A conventional interpretation by a therapist of such a clinical report would be that the patient's perceptions are a product of serious ego vulnerability and that the employees in question are a random collection of occupationally-adjusted persons whose behaviors are situation-appropriate and not coordinated in reference to the patient.
However, if one looks at what assumptions are required to support the patient's report, those assumptions are based on known phenomena and are mutually consistent. Thus, whether my interpretation of this incident is correct, the incident offers a useful orienting approach to certain specific dynamics that might arise in an employment situation. Further, it is useful to consider how these dynamics would manifest in a group therapy situation, and how a group therapist would identify the dynamics.
This letter cites the published work of Otto Kernberg, M.D., a psychiatry professor at Cornell University Medical Center. Dr. Kernberg is an internationally-prominent psychiatrist and recent past president of the International Psychoanalytical Association. Coincidentally, Dr. Kernberg is a friend and former colleague of Gertrude R. Ticho, M.D. Dr. Kernberg's book is dedicated to Dr. Ticho's late husband, Ernst Ticho, Ph.D. Dr. Ticho is a personal friend of Akin Gump senior manager Malcolm Lassman, Esq.

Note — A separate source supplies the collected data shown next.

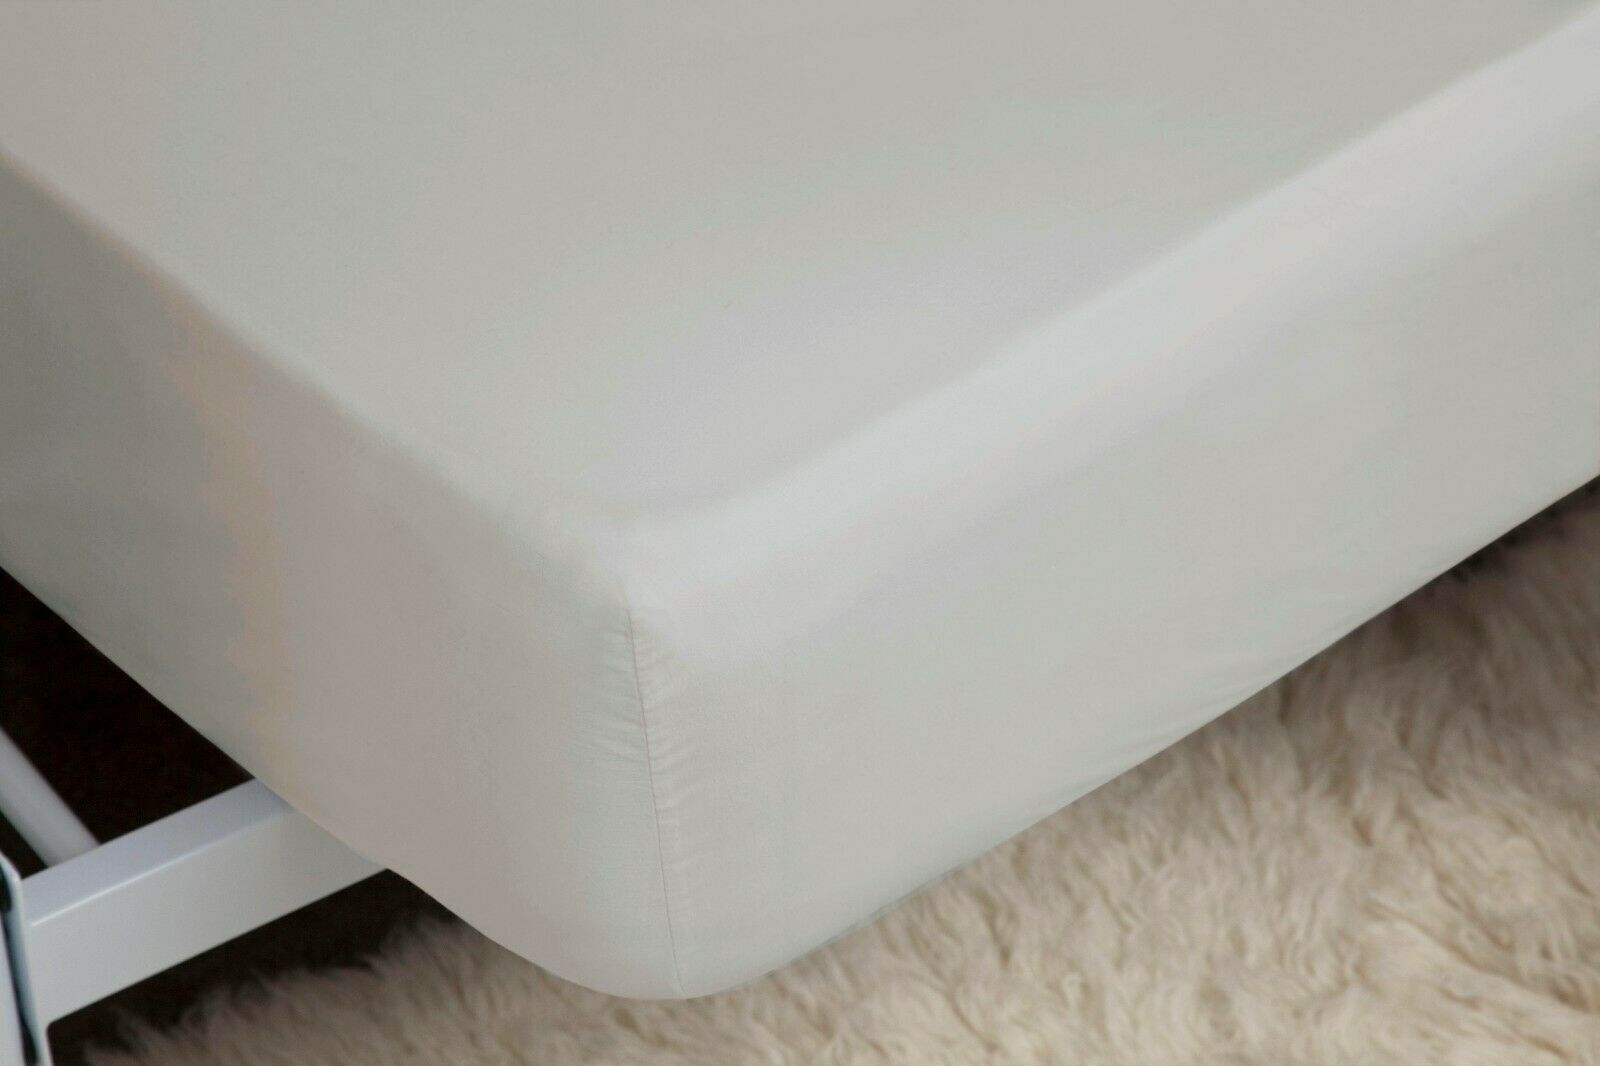 450 Thread Count Pima Cotton Deep SuperKönig Fitted Sheet Platinum grau 38cm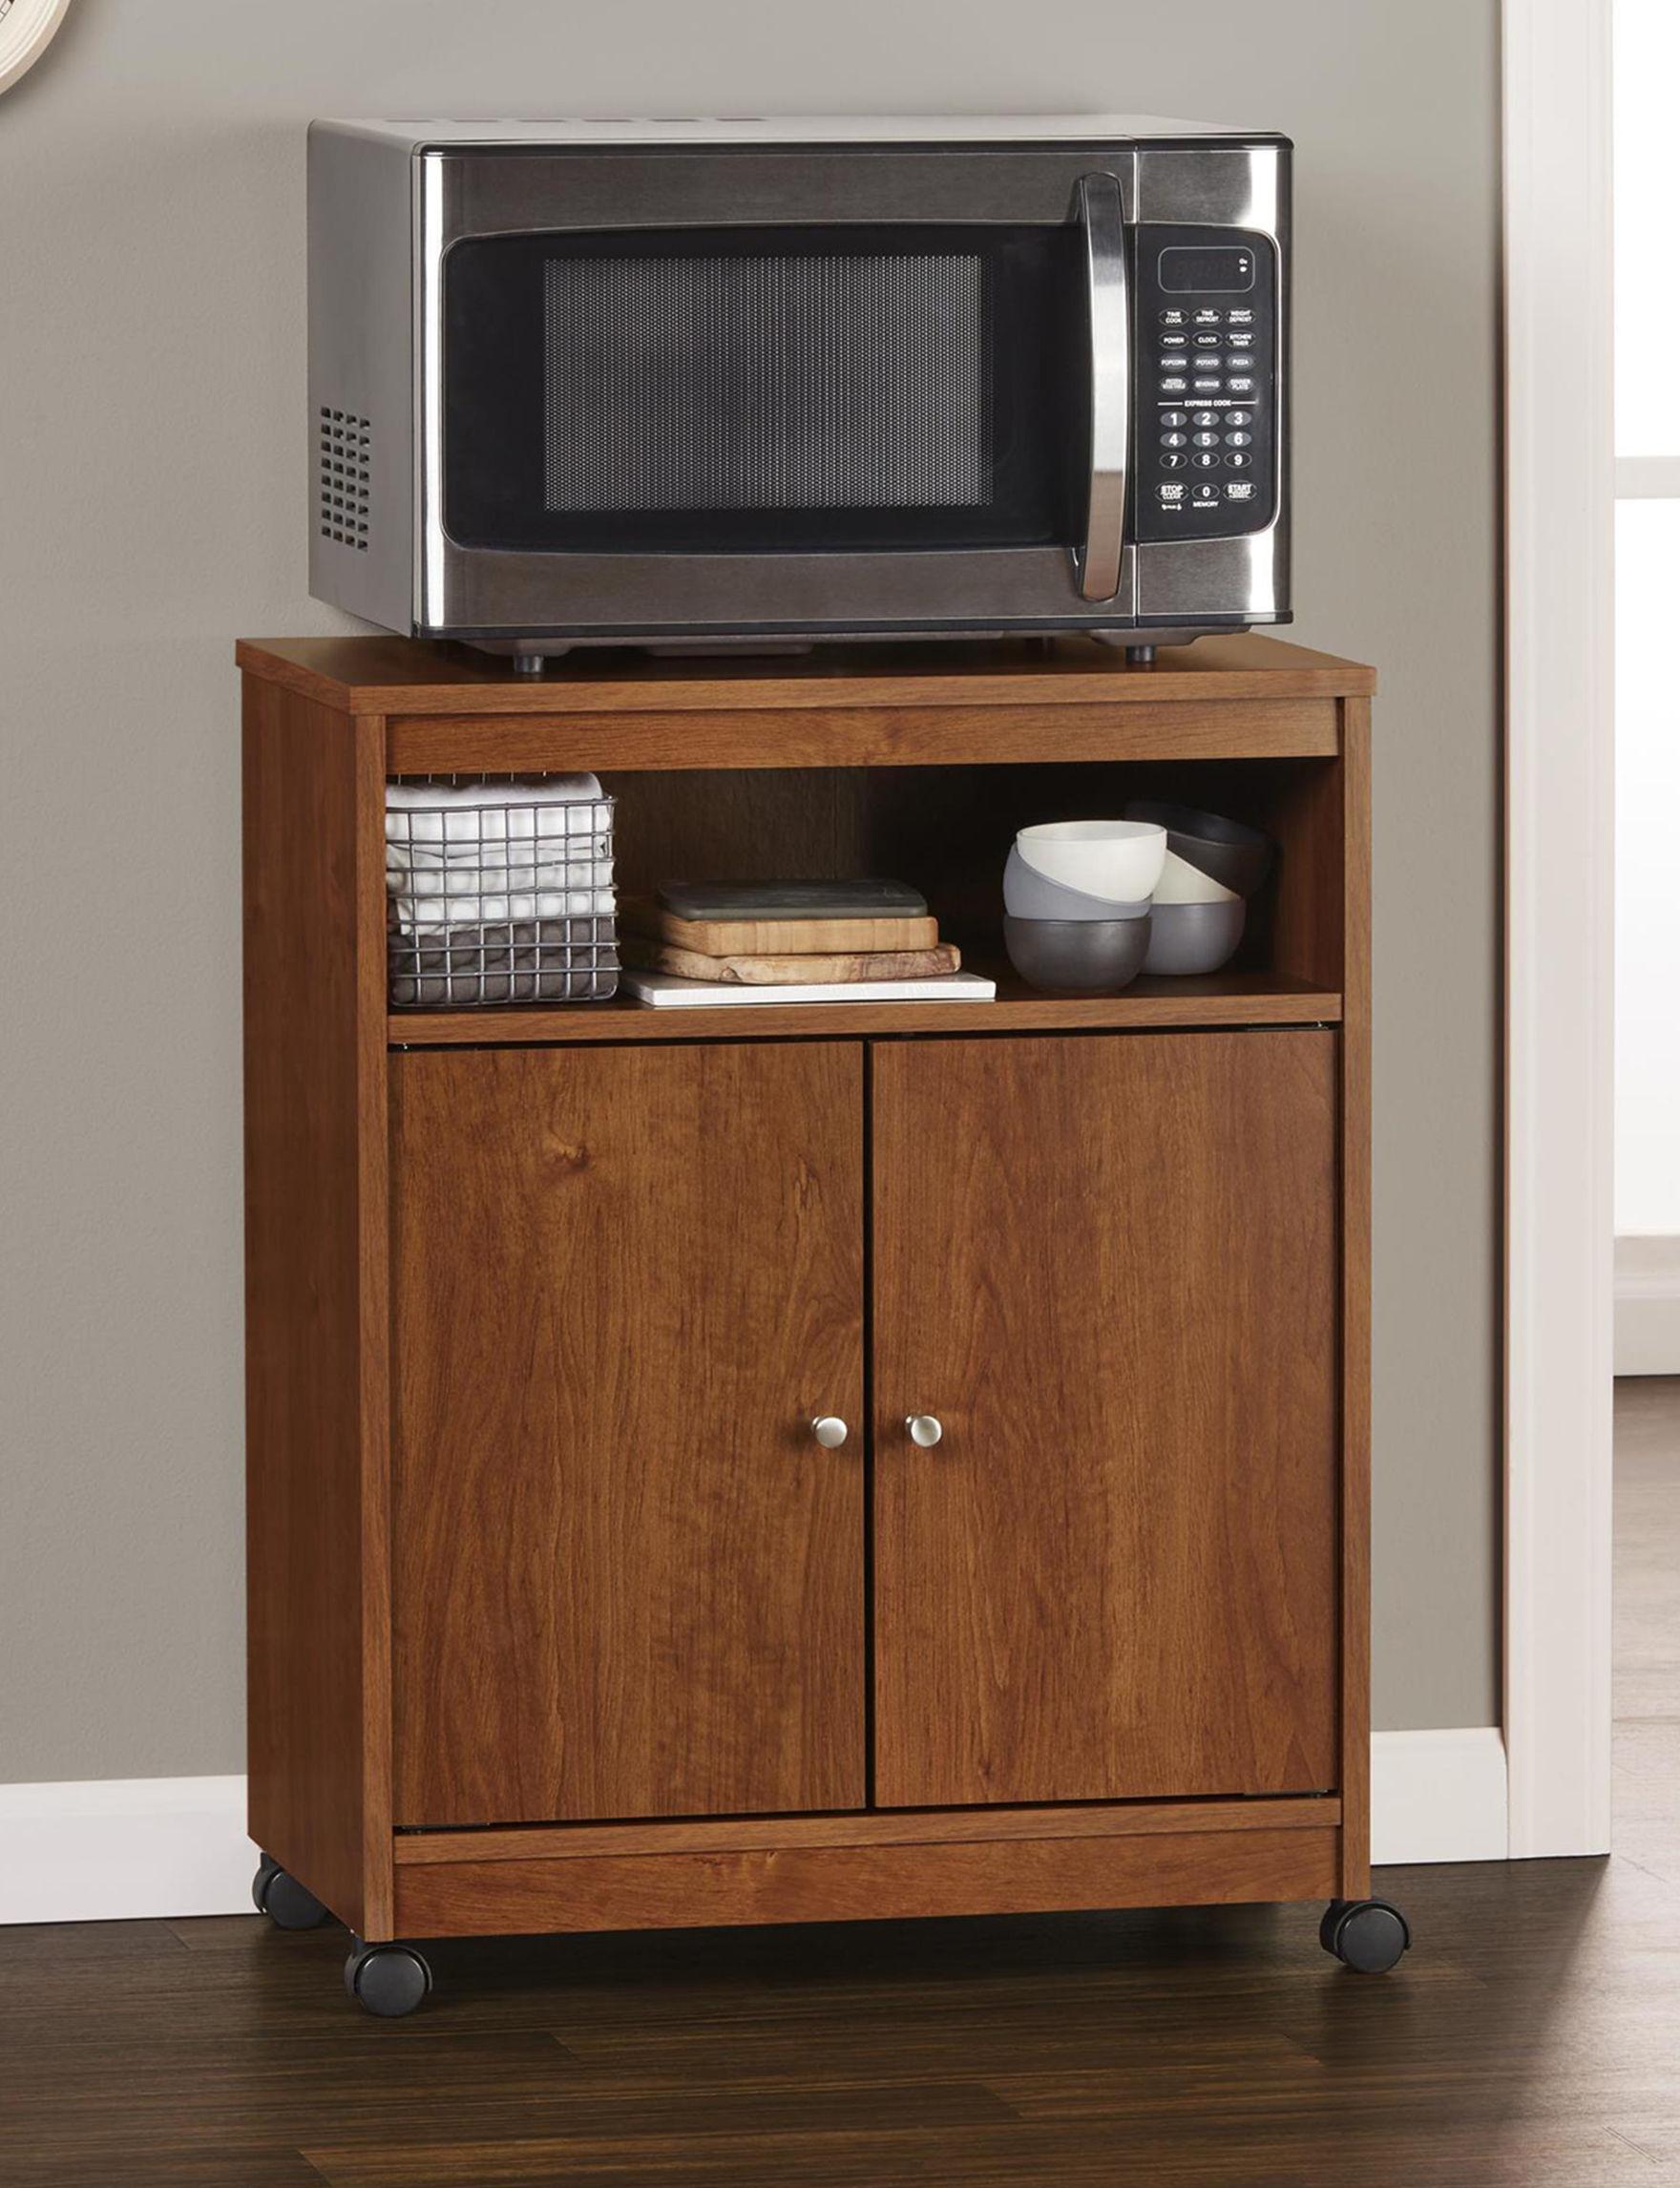 Ameriwood Brown Kitchen Islands & Carts Kitchen & Dining Furniture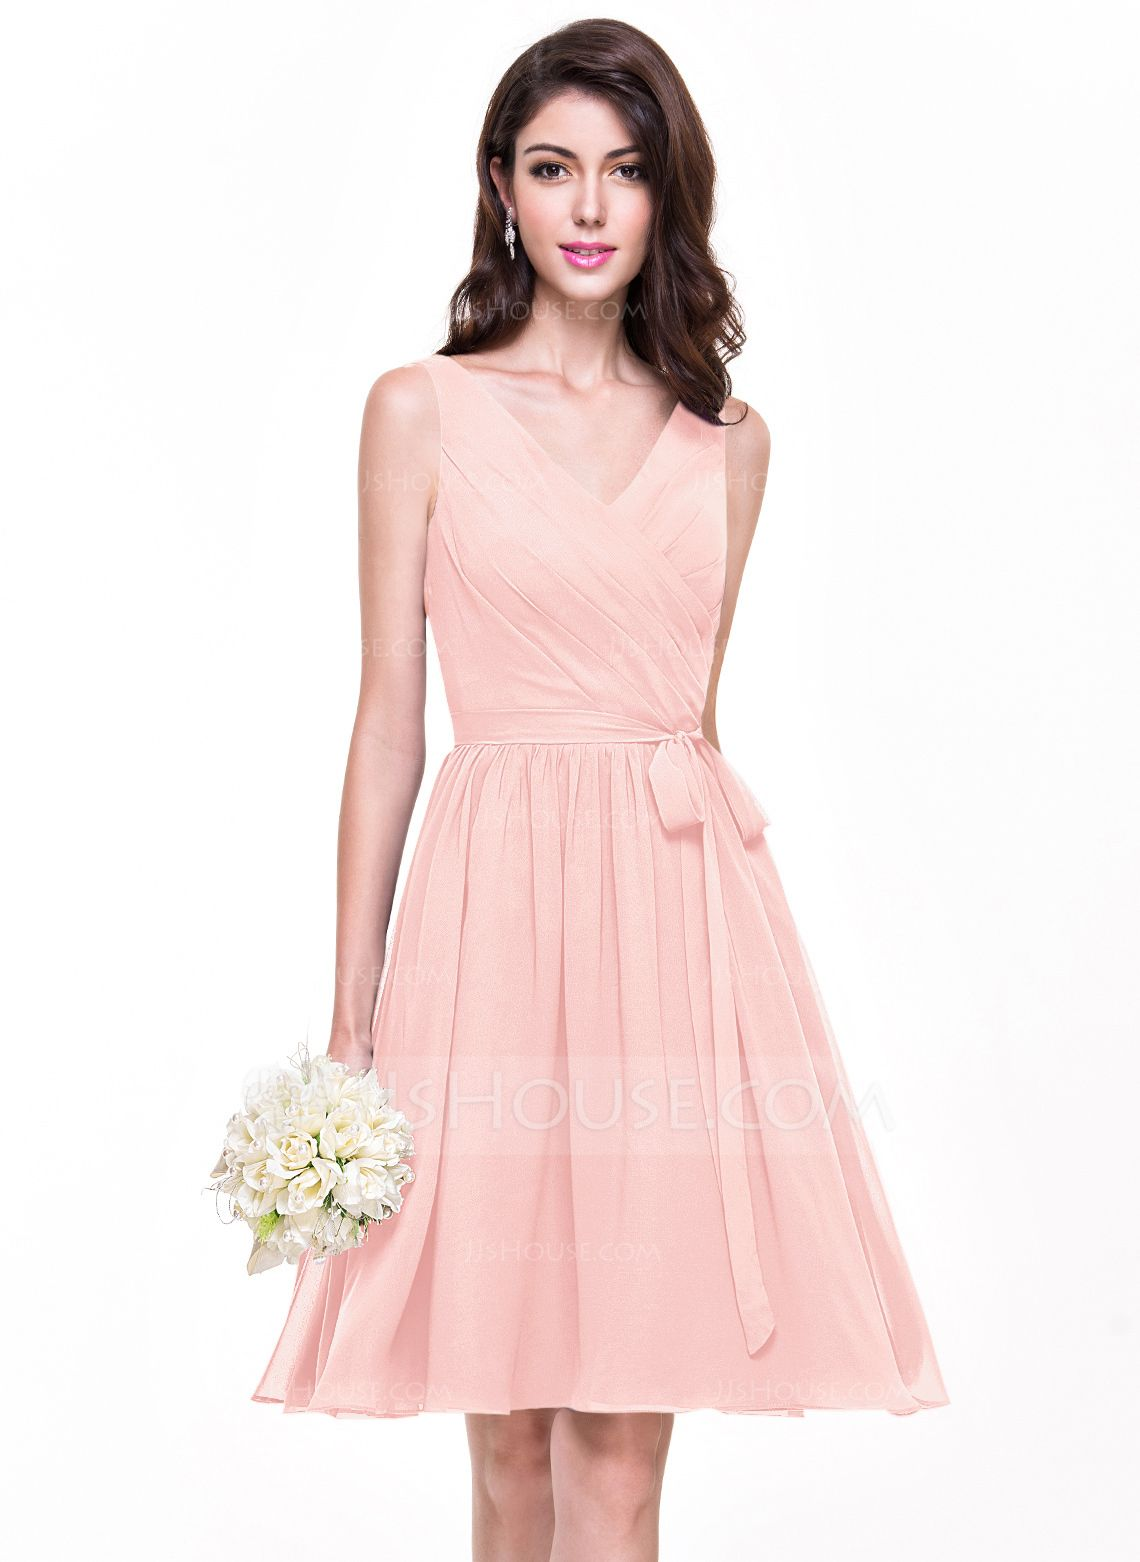 A-Line/Princess V-neck Knee-Length Chiffon Bridesmaid Dress With Ruffle Bow(s) (007068152) - JJsHouse

ASSUMPTIONS ABOUT THE EMPLOYEES:
1. The employees are a random collection of occupationally-adjusted persons. All possess college degrees, and many are recent graduates.
2. The employees are mentally-adjusted persons who have attained conventional superego development. See Freeman, D.M.A. et al. "Superego Development and Psychopathology." In: The Psychoanalytic Study of Society. Gertrude R. Ticho, M.D., contributing editor. Volume 7: 107-122 at 118-121 (New Haven: Yale University Press, 1976).
3. Under the pressure of group life, many of the employees have regressed to a lower order autonomy; that is, the employees have experienced some degree of de-metabolization of internalized superego structure, with an associated loss of personal identity, values, convictions and perspective. Kramer, P.D. Should You Leave? at 87-8 (New York: Scribner, 1997) (the author is an associate professor of psychiatry at Brown University).
4. Group members project superego functions onto the group and its leader. Kernberg, O. Ideology, Conflict and Leadership in Groups and Organizations at 8 (New York: International Universities Press, 1998).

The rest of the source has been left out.